Interesting Question: How Will Popularity Evolve Now That More People Are Streaming Music?

For many, the great hope of the original Napster and its descendents was that freed of the shackles imposed by radio, video channels and record labels, people would be free to discover good music.  Now that the masses could choose music beyond what they were fed, they’d discover that there was more to life than the mindless pop of Top 40 radio or the watered down rock of Creed.

Guess what?  Didn’t happen.  People continued to like mainstream pop and rock in roughly the same proportions as they did before the chains on their listening options were taken away.

More than a decade after Napster, the biggest selling and most traded songs on P2P networks are still mainstream pop and rock.  Only the names have changed.

“Well, then,” goes the argument, “just wait until streaming services really take off!  Then people will realize that there’s more to life than Justin Bieber!”

Er, not so fast.  Weekly data detailing what songs are streamed the most shows no change.  In fact, the situation for proponents of “good” music is even worse.  

Data from Nielsen Soundscan out this morning shows that nineteen different songs were streamed more than a million times over the past week.  Those include songs are from Justin Bieber (5.1 million streams), Carly Rae Jepson (3.5 million), Maroon 5 and Nicki Minaj (who has songs at the #4 and #5 positions).

In the UK, seventeen songs on the download Top 40 chart rate even higher on the streaming chart, meaning that pop songs are even more popular as streams.

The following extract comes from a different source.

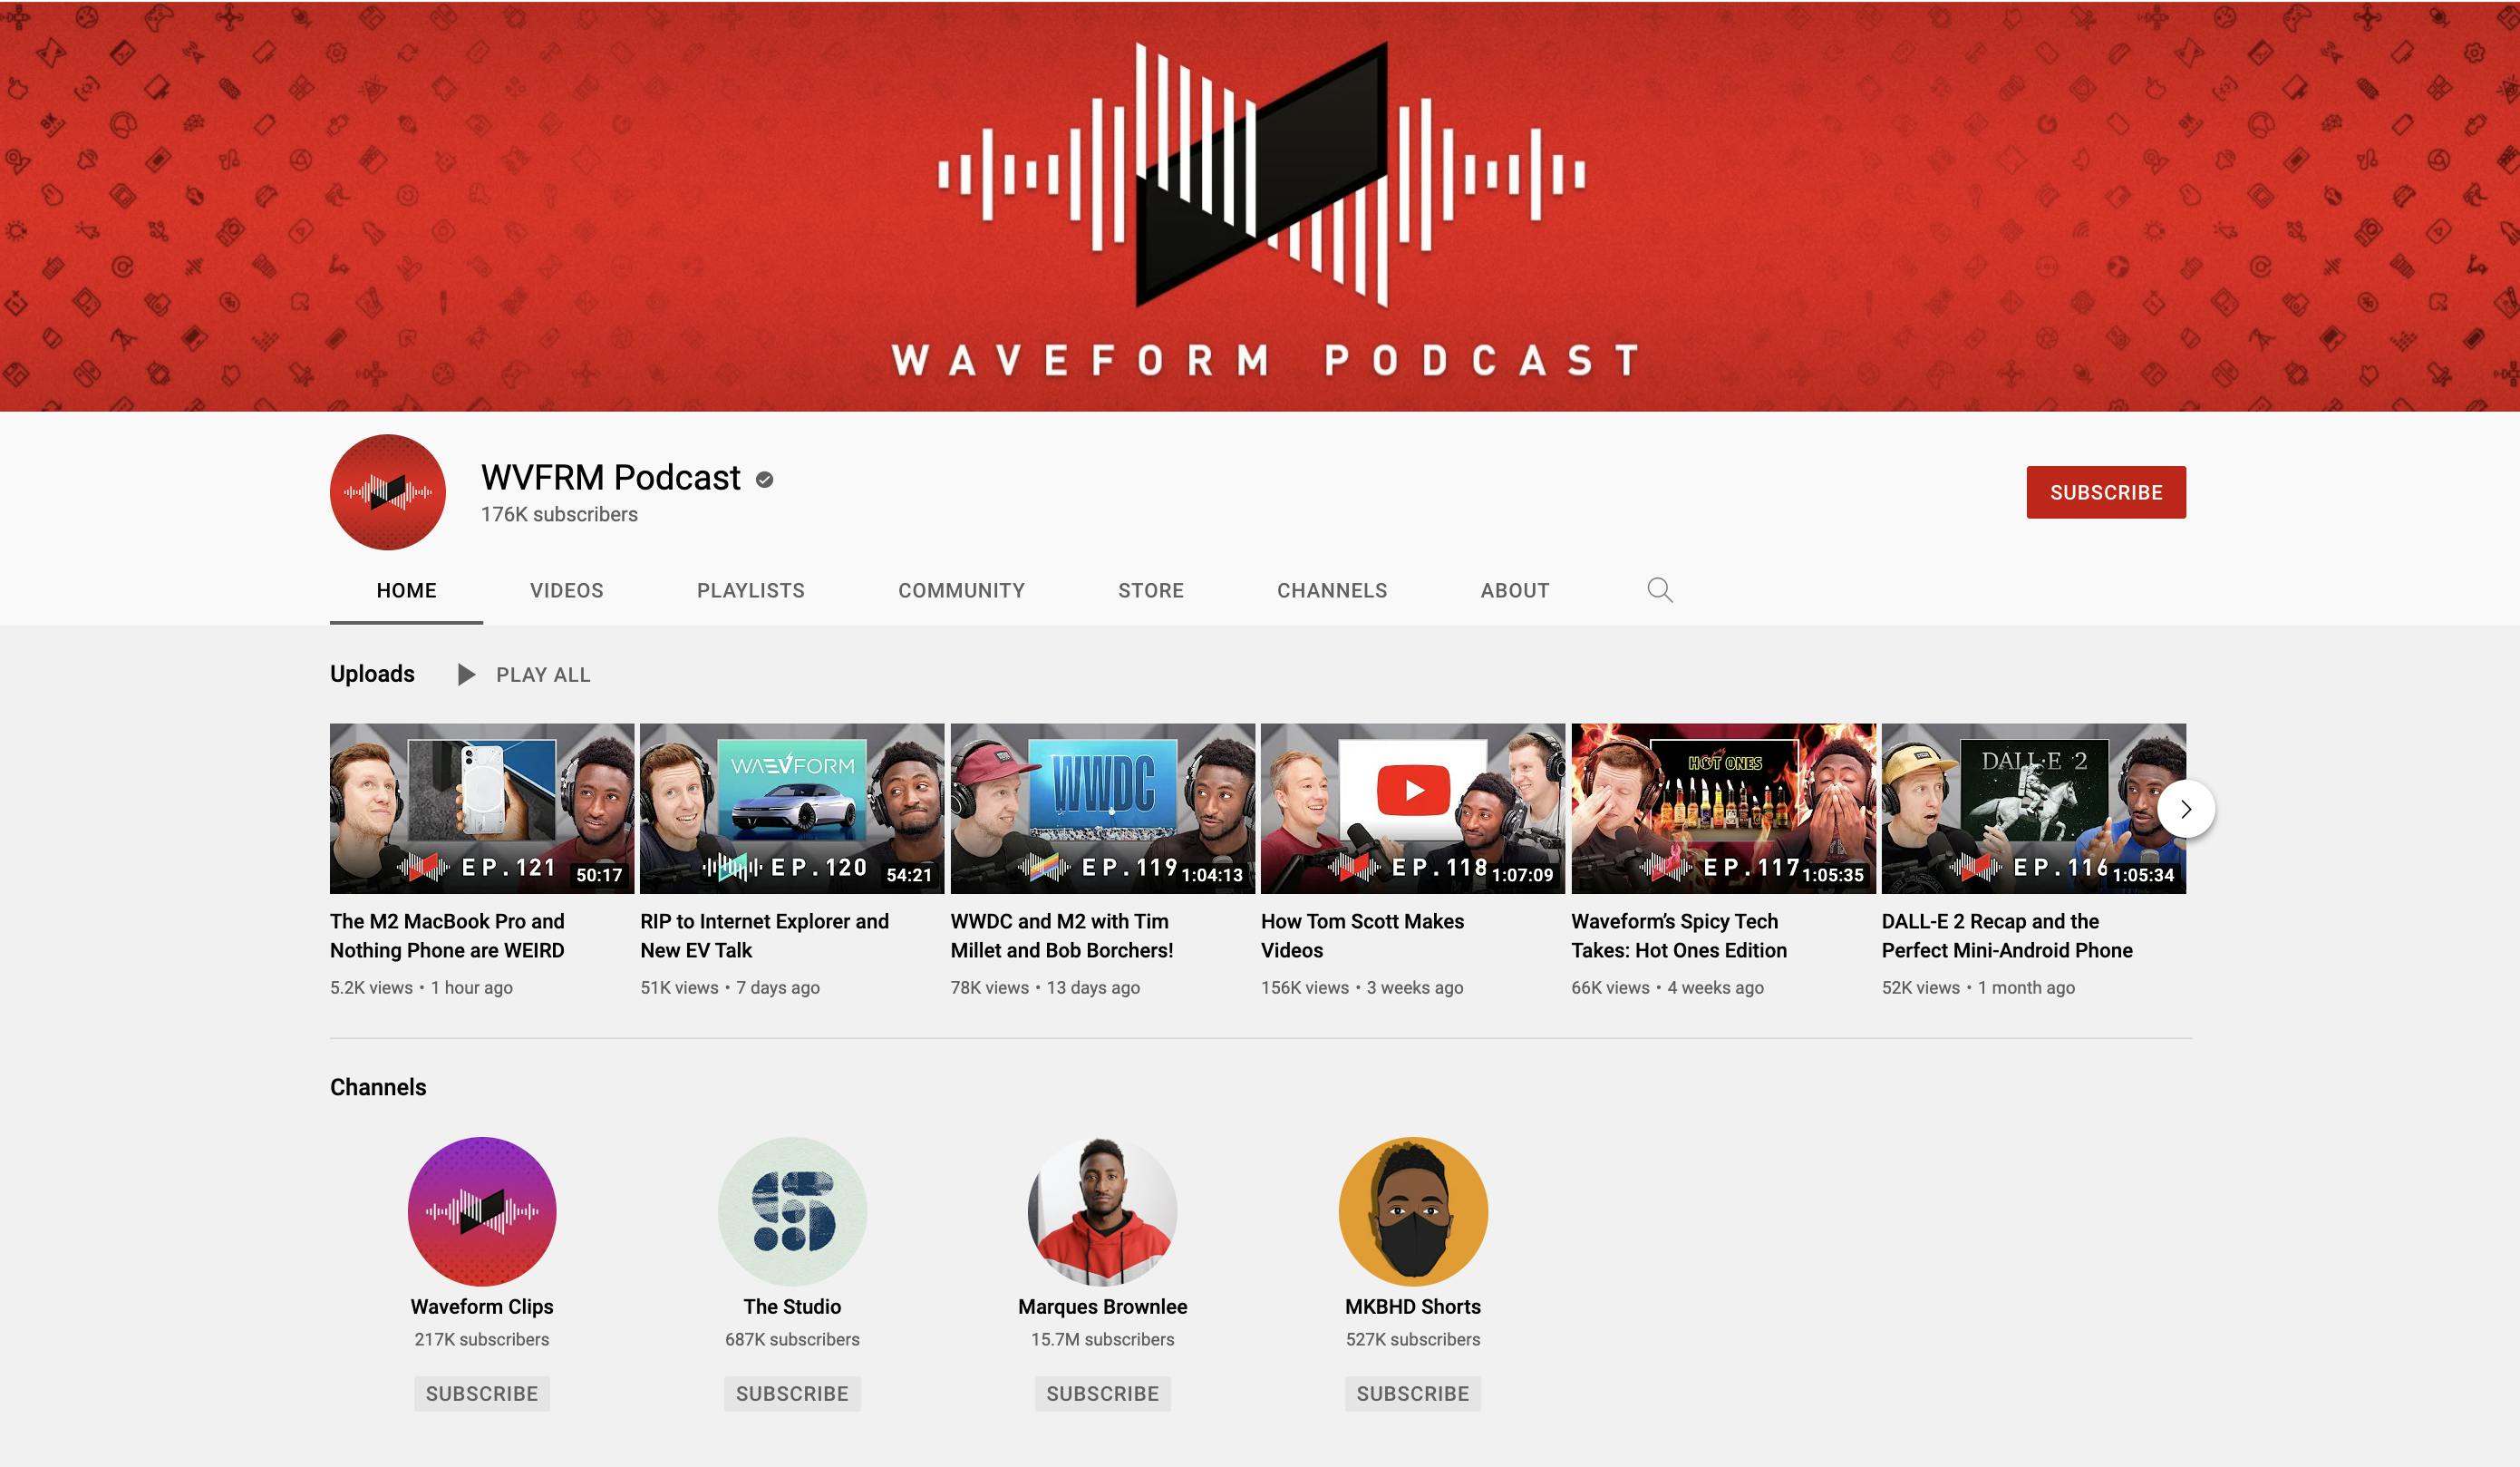 WVFRM Podcast YouTube channel homepage with red banner and video thumbnails
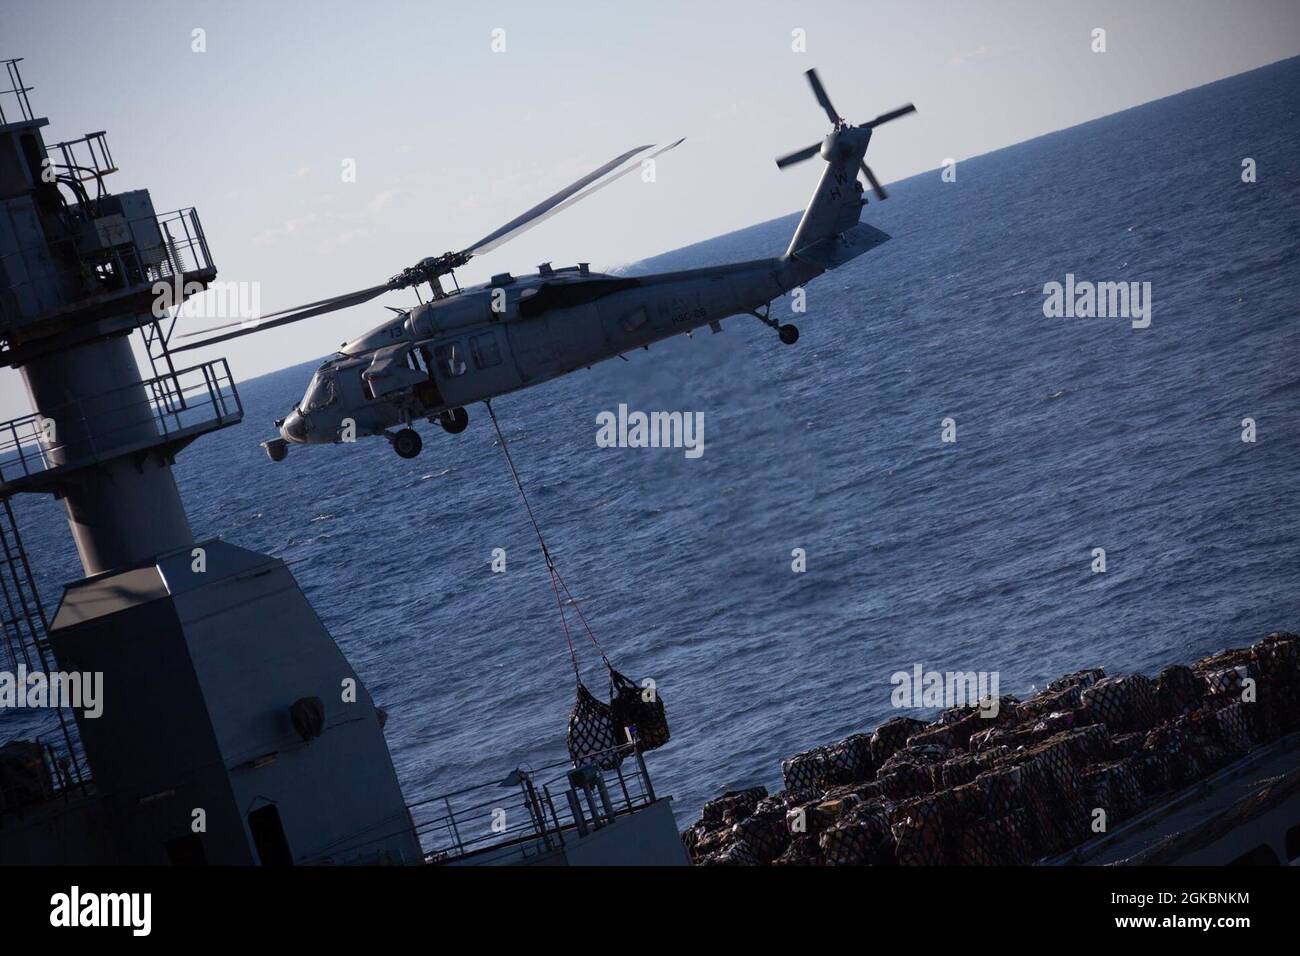 A U.S. Navy MH-60 Sea Hawk lifts cargo in support of a replenishment at sea (RAS) off the Atlantic Coast during Composite Unit Training Exercise (COMPTUEX) on March 5, 2021. COMPTUEX is a month-long training event designed to test the MEU’s capabilities against the full spectrum of military operations. Stock Photo

Here’s the bottom line:  You, me and all our friends are committed to music we believe has true substance.  And yes, there are millions of us.  But there are billions of people who would rather sing along to Justin Bieber or tap their fingers on the steering wheel in time to Nicki Minaj.  

It’s always been that way.  And it’s never going to change.

Alan Cross

is an internationally known broadcaster, interviewer, writer, consultant, blogger and speaker. In his 30+ years in the music business, Alan has interviewed the biggest names in rock, from David Bowie and U2 to Pearl Jam and the Foo Fighters. He’s also known as a musicologist and documentarian through programs like The Ongoing History of New Music.

5 thoughts on “Interesting Question: How Will Popularity Evolve Now That More People Are Streaming Music?

  • May 16, 2012 at 11:23 pm

    This is where curating music comes in. We're still in the early stages of figuring out who has voices we want to hear in this new era of music, akin to early radio when no DJ yet had a personality to promote, so to speak.

    And supporting the artists whose music you enjoy. Sometimes just a donation (with no expectation of product or service in return) is very welcomed.

  • May 17, 2012 at 1:17 am

    Maybe, just maybe, despite all this downloading and streaming, the 13 year pop/rock cycle will hold.

  • May 17, 2012 at 1:45 am

    I believe that marketing and repetition work, and most people listen to the same music because that is what is relentlessly promoted to the consumer. Labels pay to have their music pushed and repeated, so it becomes familiar, and frankly, it's easier to consume. We are lazy consumers. It takes time to discover new music and attention to listen to it. It's easier just to consume what is pumped out at us. (I'm not a conspiracy theorist, but I do think it's the same situation with news – most people get their news from mainstream media because it's familiar, trusted, and easy. It's a lot harder to seek diverse perspectives – more rewarding, for sure, but a lot more work).

    I don't think the music statistics you cited should be interpreted to mean that most music consumers would not listen to better or more diverse music if it was curated and they could reliably access it. I agree with nscafe in the first comment that curation is still in the early phases, like the beginning of the music DJ era. Content is king, curation is queen.

  • May 17, 2012 at 7:11 am

    The internet isn't going to have much effect on pop music, because people who listen to top 40 radio just want to have music spoon-fed to them in the first place. It's alternative/indie music that is affected the most by the internet, since people can discover some obscure band from somewhere far away that they like.

  • May 17, 2012 at 10:22 am

    The fact that mainstream pop/rock is similar in proportion–even with streaming–is actually the root of the problem. It'll just draw attention to the magnitude of whats wrong with the music industry and bam…that's when you have your pop culture earthquake.